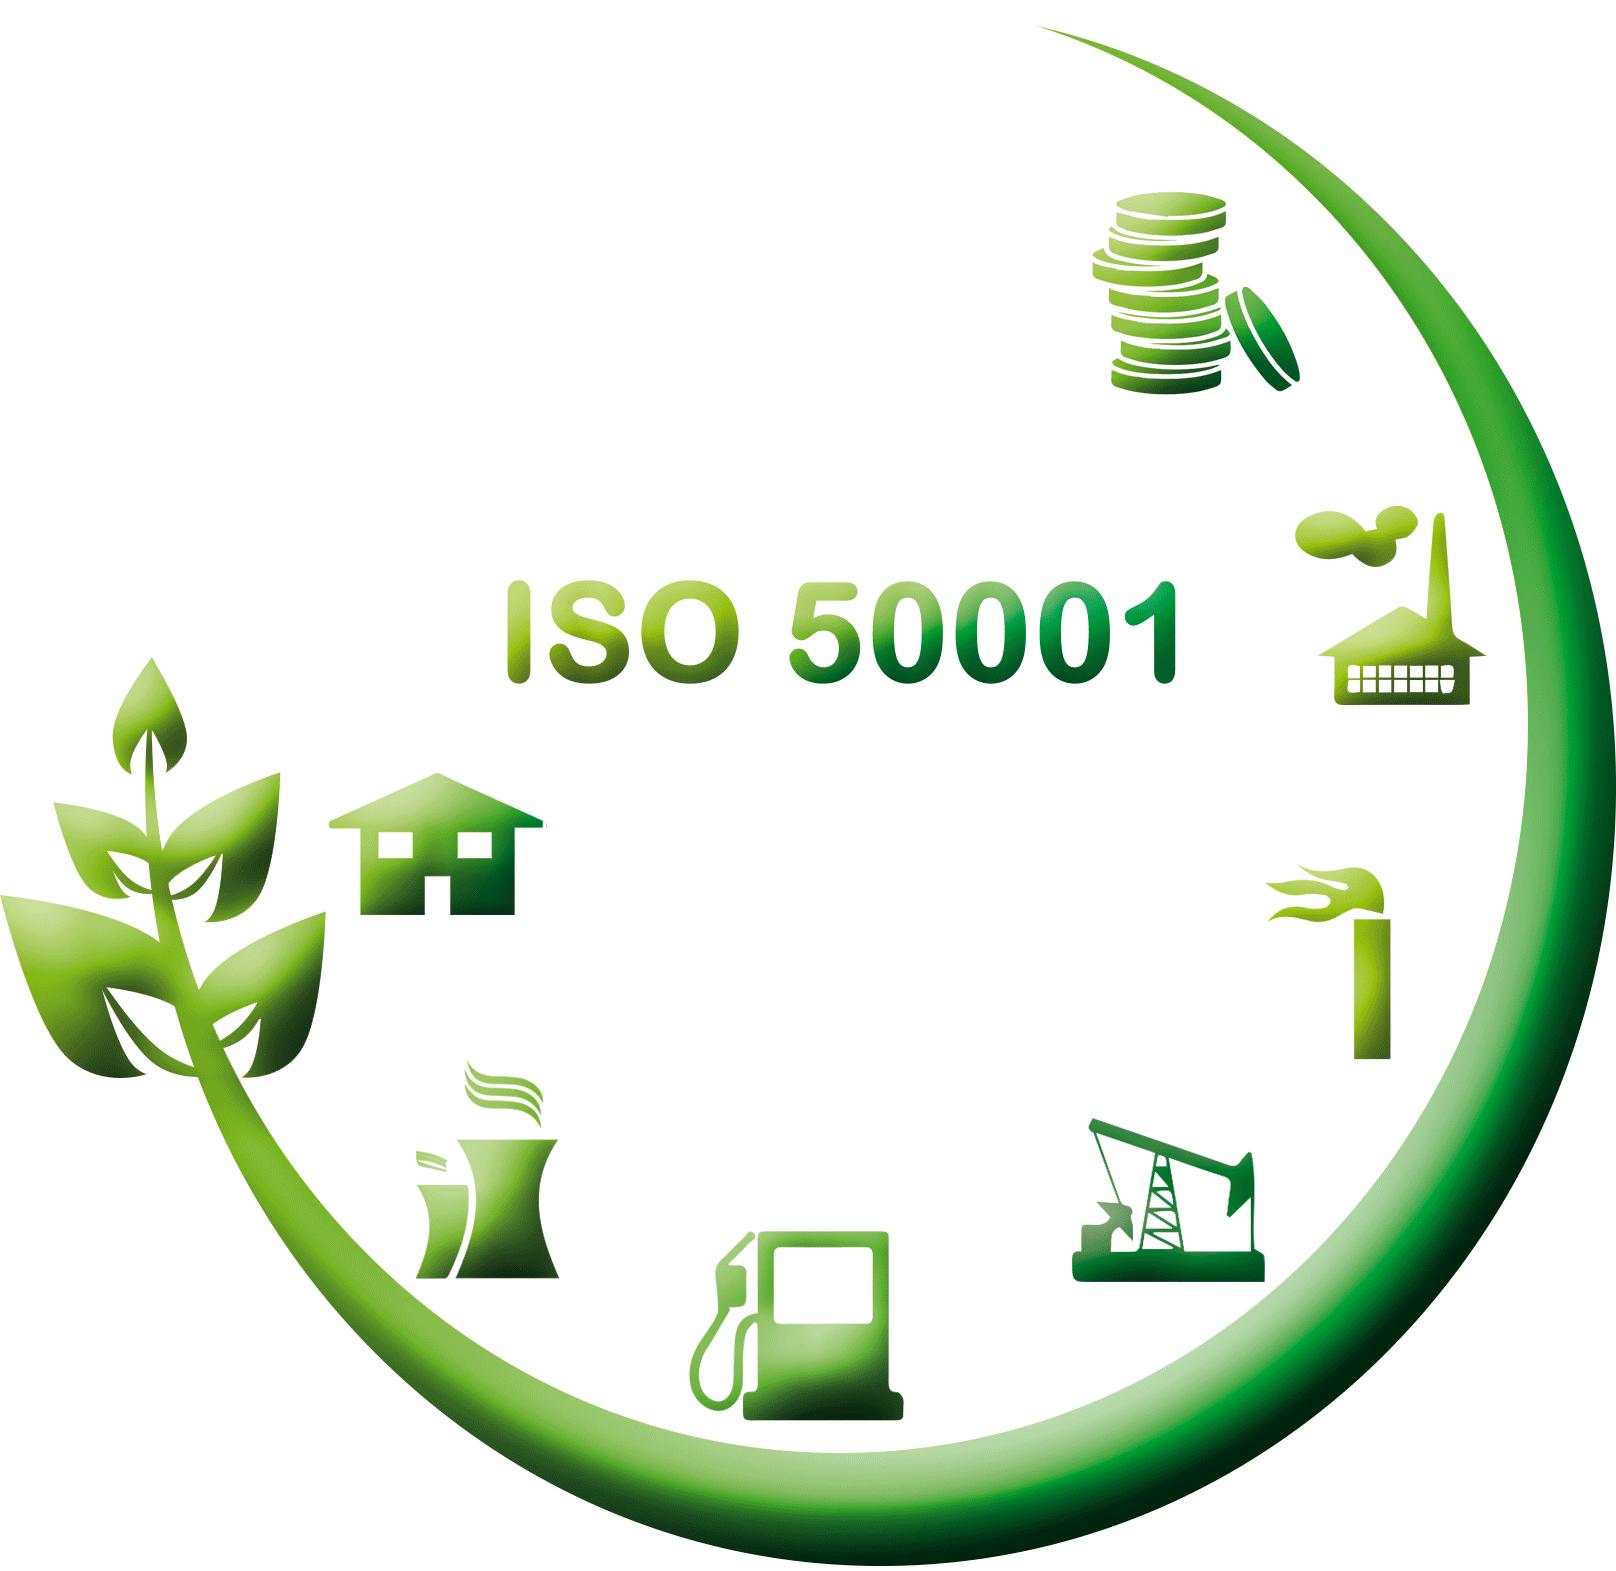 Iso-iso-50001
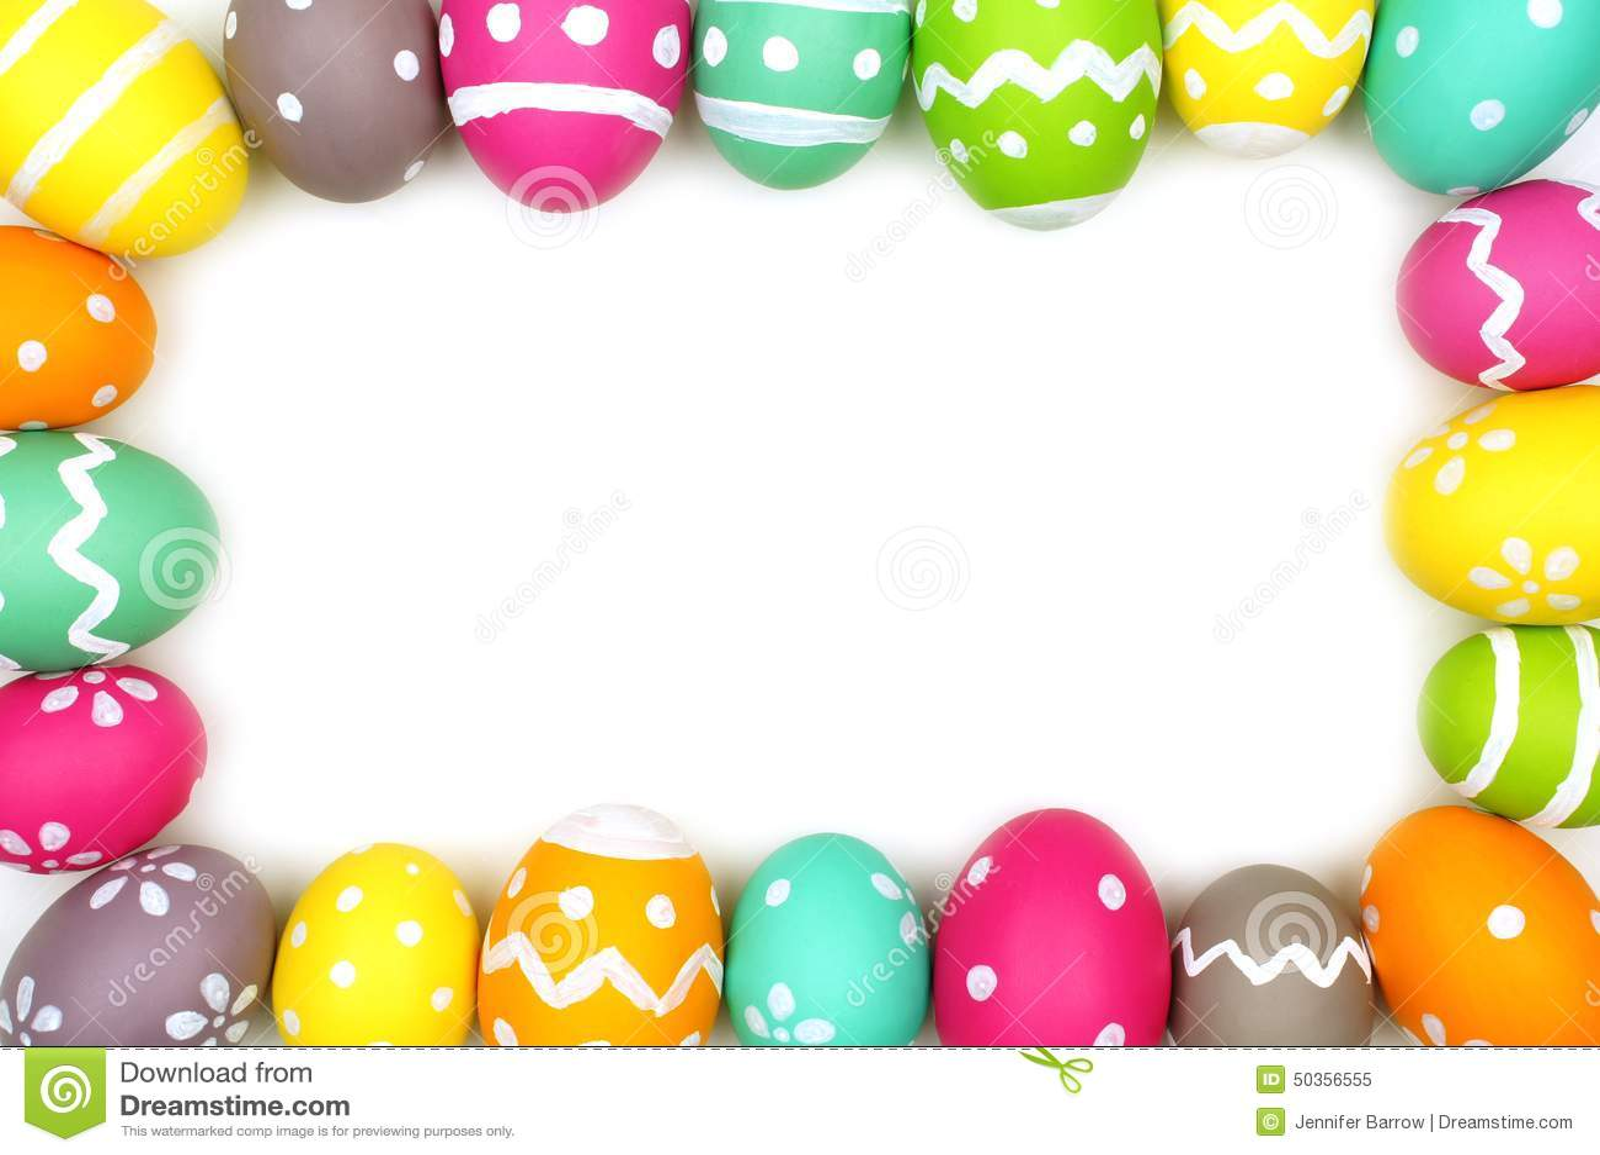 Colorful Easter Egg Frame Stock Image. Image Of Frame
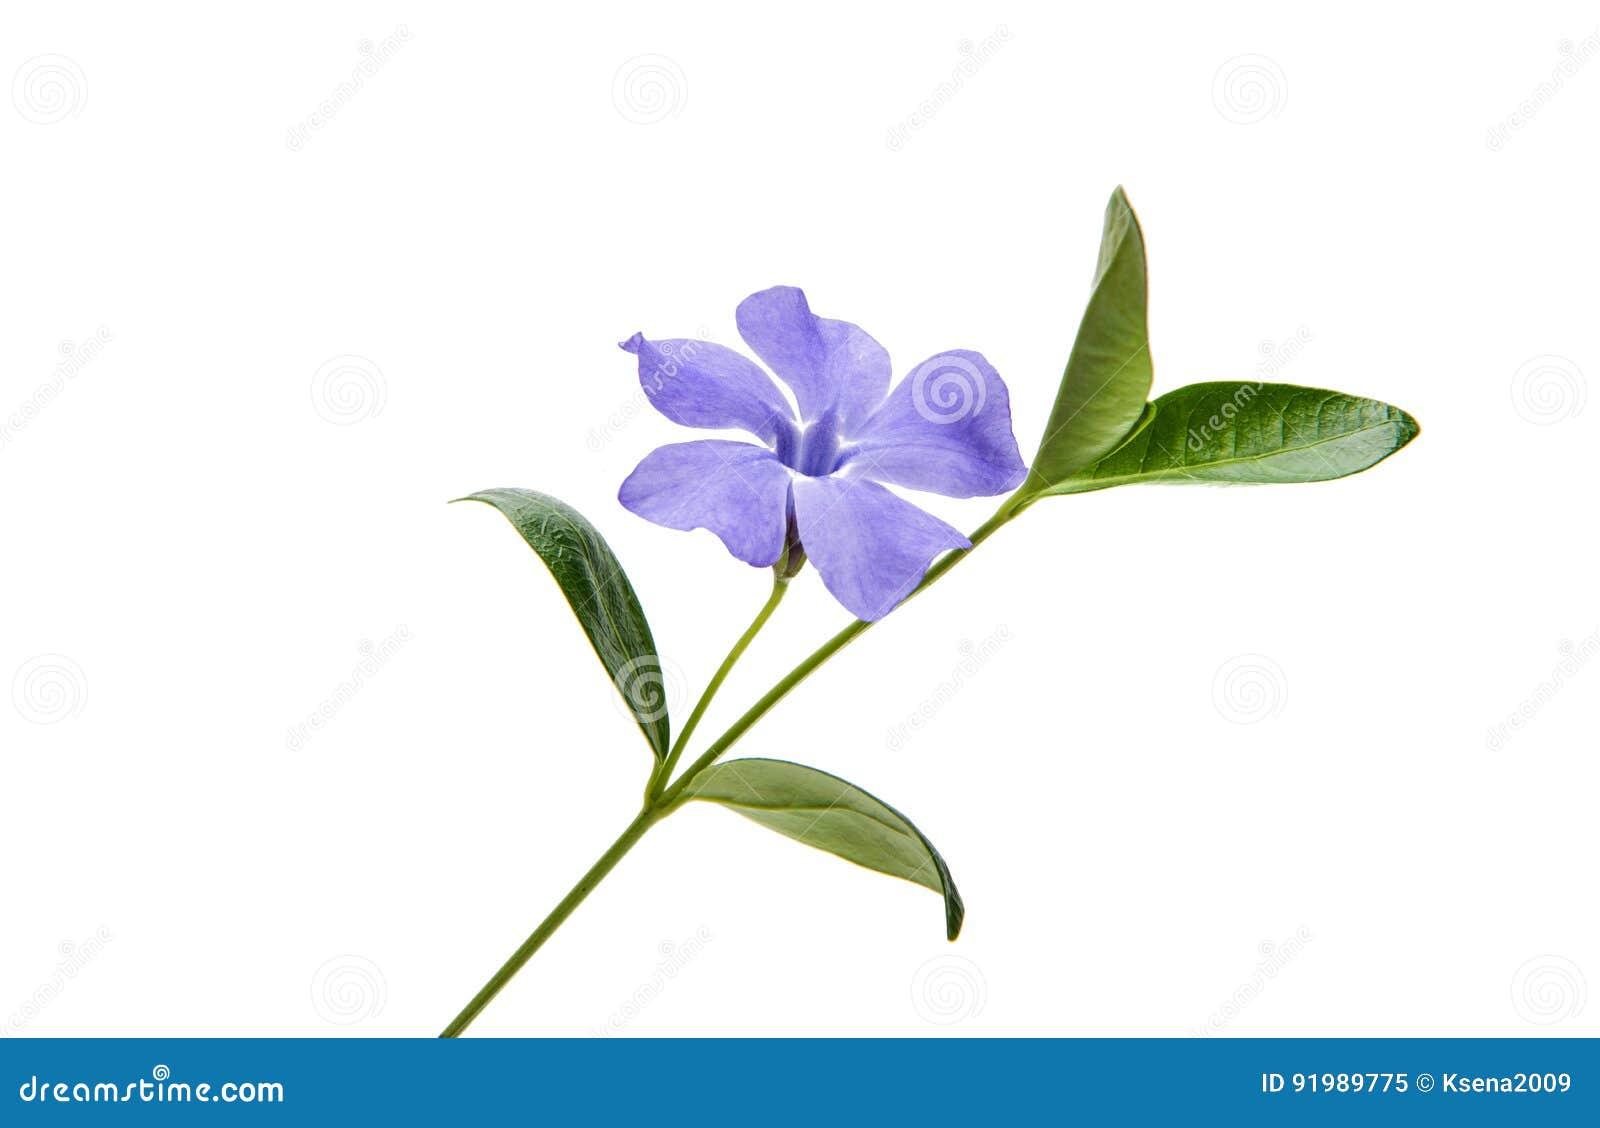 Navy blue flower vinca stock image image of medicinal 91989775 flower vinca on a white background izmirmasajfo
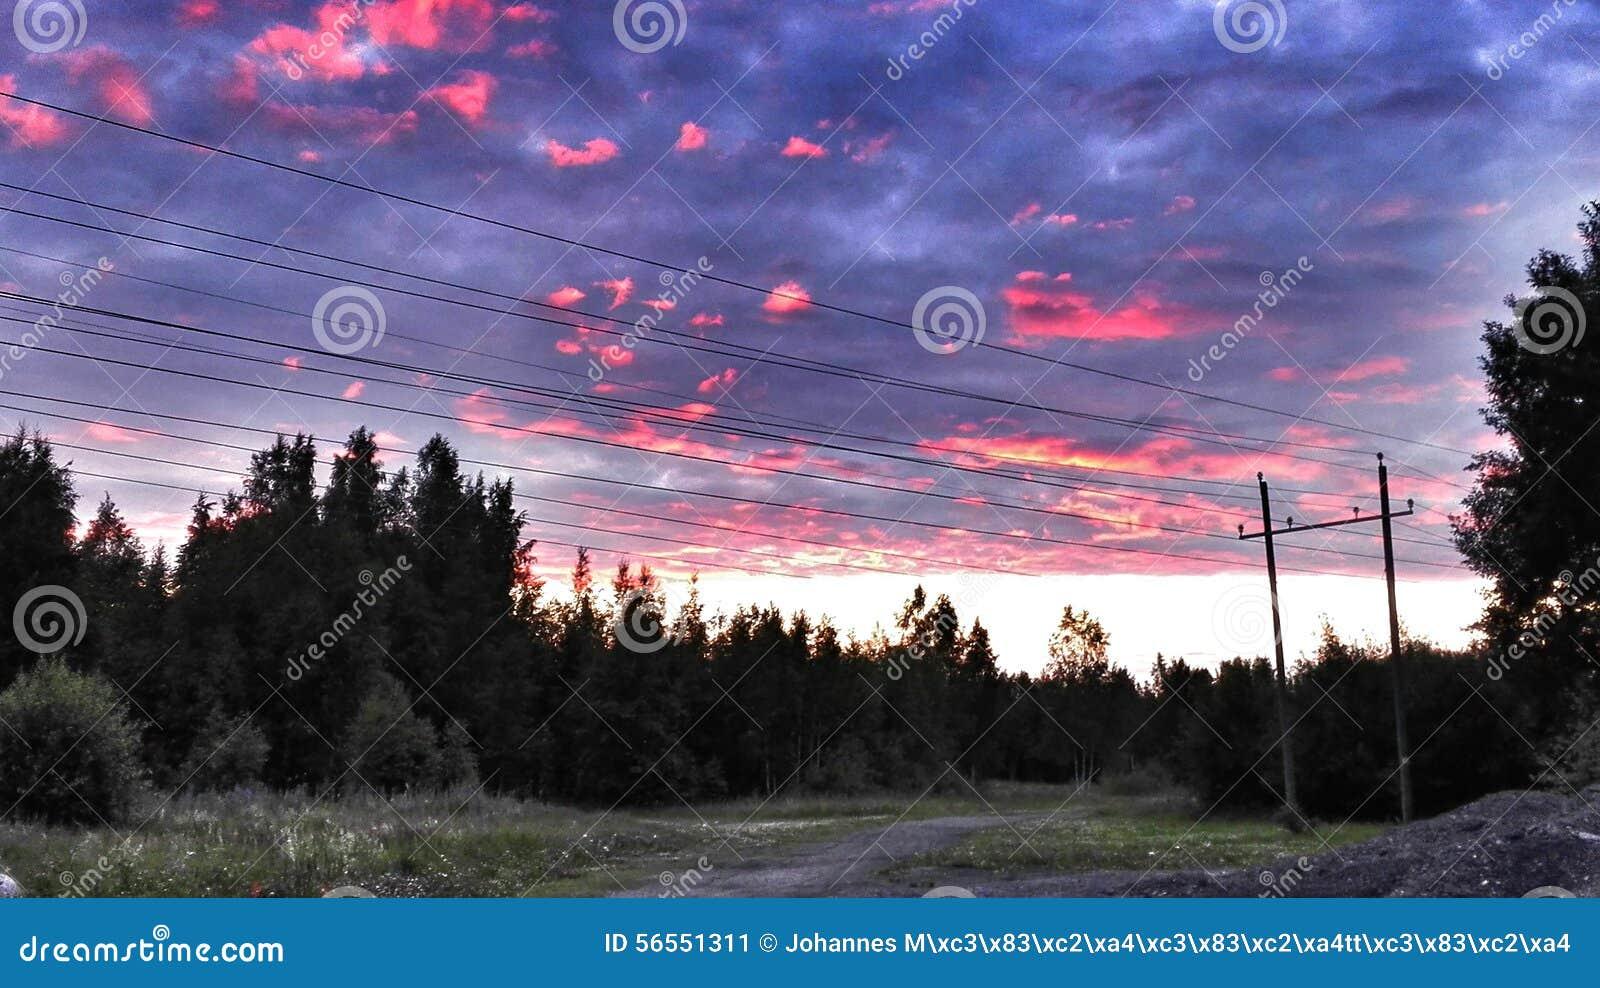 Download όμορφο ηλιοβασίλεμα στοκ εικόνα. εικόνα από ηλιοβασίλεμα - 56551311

__Exercise__.
An unchanged copy of the data, images excluded, is all that should be given.

__Solution below__.
 Iso-iso-50001
 Colorful Easter Egg Frame Stock Image. Image Of Frame
 Navy blue flower vinca stock image image of medicinal 91989775 flower vinca on a white background izmirmasajfo
 Download όμορφο ηλιοβασίλεμα στοκ εικόνα. εικόνα από ηλιοβασίλεμα - 56551311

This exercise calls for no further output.